[Scummvm-devel] README

Mon Feb 9 01:36:04 CET 2004

Am 08.02.2004 um 18:51 schrieb Marcus Comstedt:

>
> Max Horn <max at quendi.de> writes:
>
>> Well, all this still leaves my question open:
>>
>> How do you output useable PLAIN TEXT from a (La)TeX source?
>
>
> A working, but slightly hackish, way to do it is
>
> latex2html -no_navigation -info 0 -no_subdir foo.tex
> lynx -dump foo.html > foo.txt
>

And if you add "-split 0", it'll put everything into a single HTML 
file, yeah. I ended up trying this:
   latex2html -no_navigation -split 0 -info 0 -dir html 
-show_section_numbers readme.tex

At least to me, already the result of latex2html don't look that great. 
But when I then use lynx to dump it into a text file, it's far far 
worse than our manually formatted README. Granted, I always expected a 
loss compared to the hand tuned plain text layout in there.

I also tried html2text (from 
http://userpage.fu-berlin.de/~mbayer/tools/html2text.html). In many 
cases the output was better; but in some places, lynx "wins". I used 
this command for it:
   html2text -o readme.txt -nobs -style pretty readme.html

If you wonder what I am talking about, some sensitive spots:
* "7.5 Using MP3 files for CD audio": Look at the example command (and 
whether it sticks to the paragraph before it or is nicely distinct)
* "1 About": Are paragraphs separated by a blank line, or do they all 
stick together
* "2.1 Reporting Bugs": look at the text "Please include the following 
information": does it stick to the paragraph before it, or the table 
after it, or is it separated from both with blank lines?
* "5.1 Command Line Options": The list of command options is unreadable 
in the lynx output, but fine with the other tools
* In the same section, the Examples are much better in html2text than 
in all the others
* The credits are quite sensitive (esp. the 'headlines' of the 
subsections)
* html2text does funny things with the underline style 
("This_is_underlined_text")
* the slight indention lynx uses everywhere makes it a bit easier to 
visually navigate to certain sections

Furthermore I tried elinks and w3m. It seems elinks produces output 
which is strictly better than lynx. With w3m, I noticed that it 
produces "bad" lists (a blank line between each list item).

Next thought was that maybe some improvements could be achieved by 
using another converter from LaTeX to html. The only one I know is 
"hevea" (http://pauillac.inria.fr/hevea), which is written in Ocaml. 
First thing to notice, it's *much* faster than latex2html. I am talking 
about an order of magnitude at least.

Running the hevea created HTML through w3m, elinks and html2text gives 
results which are pretty good, I think. Definitely better than 
converting the latex2html output.
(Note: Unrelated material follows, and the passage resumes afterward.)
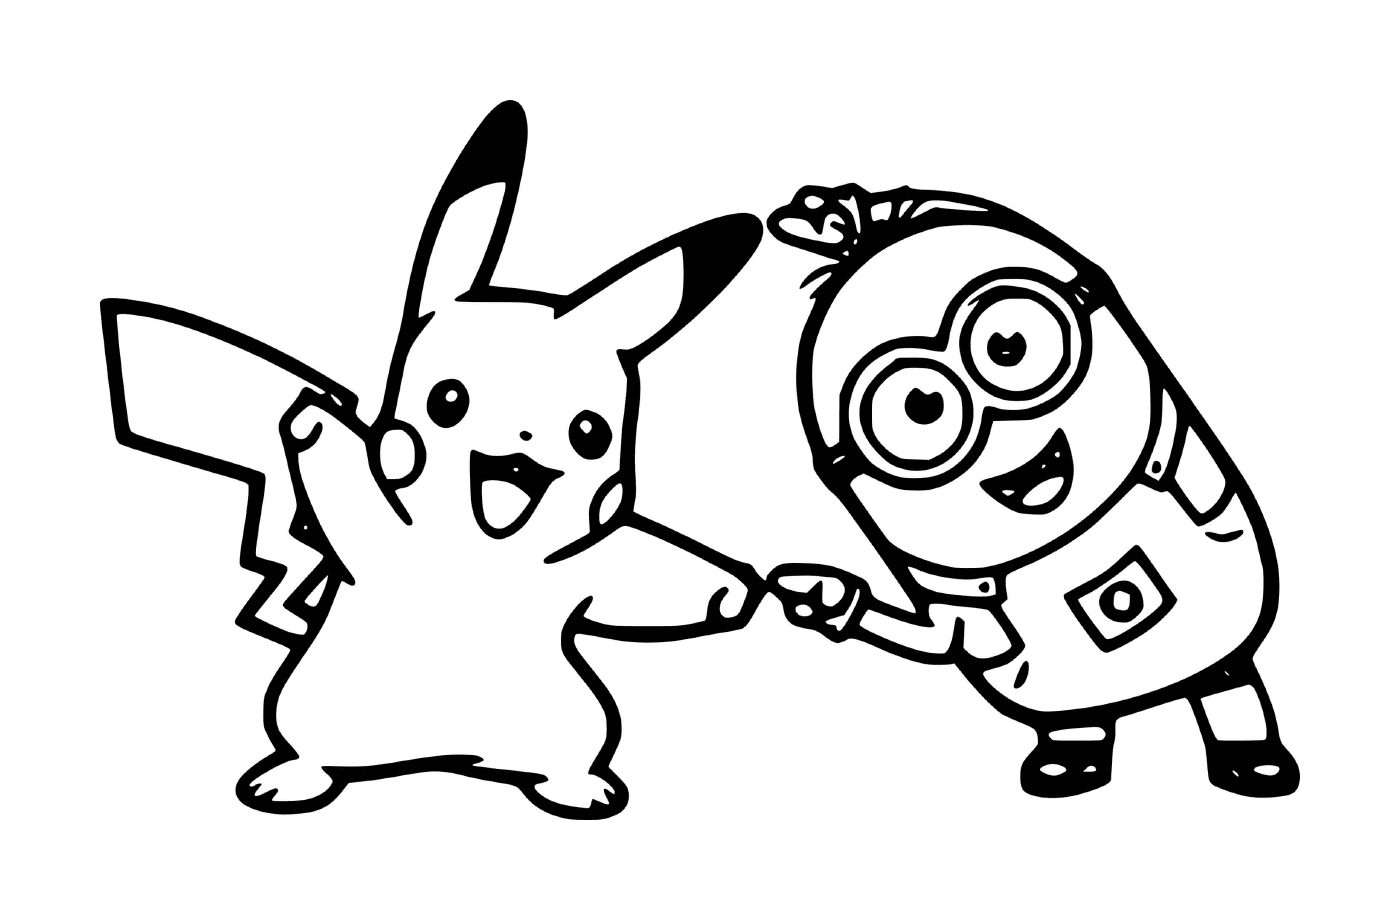   Minion et Pikachu ensemble 
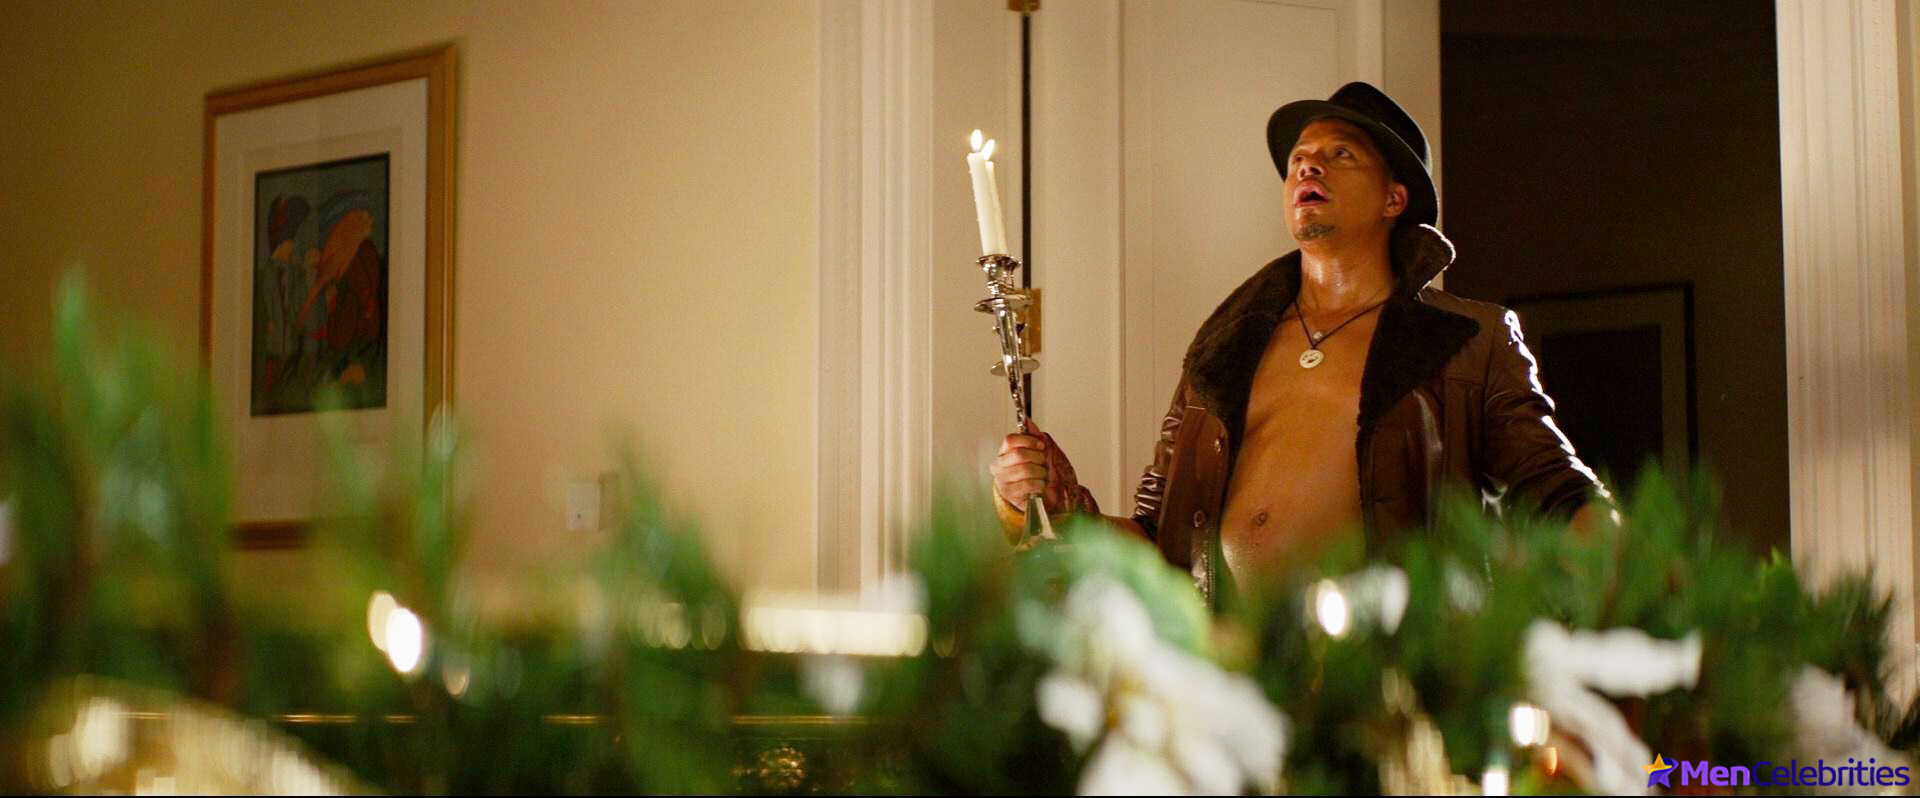 Terrence Howard nude penis movie scenes.

Forget about lynx, though, it's still 
giving crap output.

Hevea has actually a text output mode! Very nice, since it does fancy 
things like doing "ASCII underline", e.g.:
2.1  Reporting Bugs
===================
At first some of the tables looked *really* bad, though. In the credits:
     Hannes      Readme Conversion
     Niederhause
     n
However, that turned out to be caused by the fixed (4cm) table column 
width. We could either change that back, or maybe there is a switch for 
hevea to make it ignore that. Anyway, reverting "p{4cm}" back to "l" in 
said tables, it worked fine. Still, I have some grieves with this 
direct text mode.

Hevea also allows embedding HTML commands in the LaTeX source, for 
custom formating, which I think would be useful.

Summary: To me, the only adequate output was generated by hevea + 
elinks/w3m/html2text. But to let you draw your own conclusions, I 
included the generated files in an attachment to the mail. [I had to 
remove the attachment, apparently the first time I sent this mail, 12 
hours ago, it got filtered out due to it]
The HTML output of hevea and latex2html is OK, too. As a result, I 
don't see any advantage in writing the docs in HTML (converting them to 
text would still have the same problem described here; but making nice 
PDF output would be harder, and we loose all the structural information 
which LaTeX has about a text).

Cheers,

Max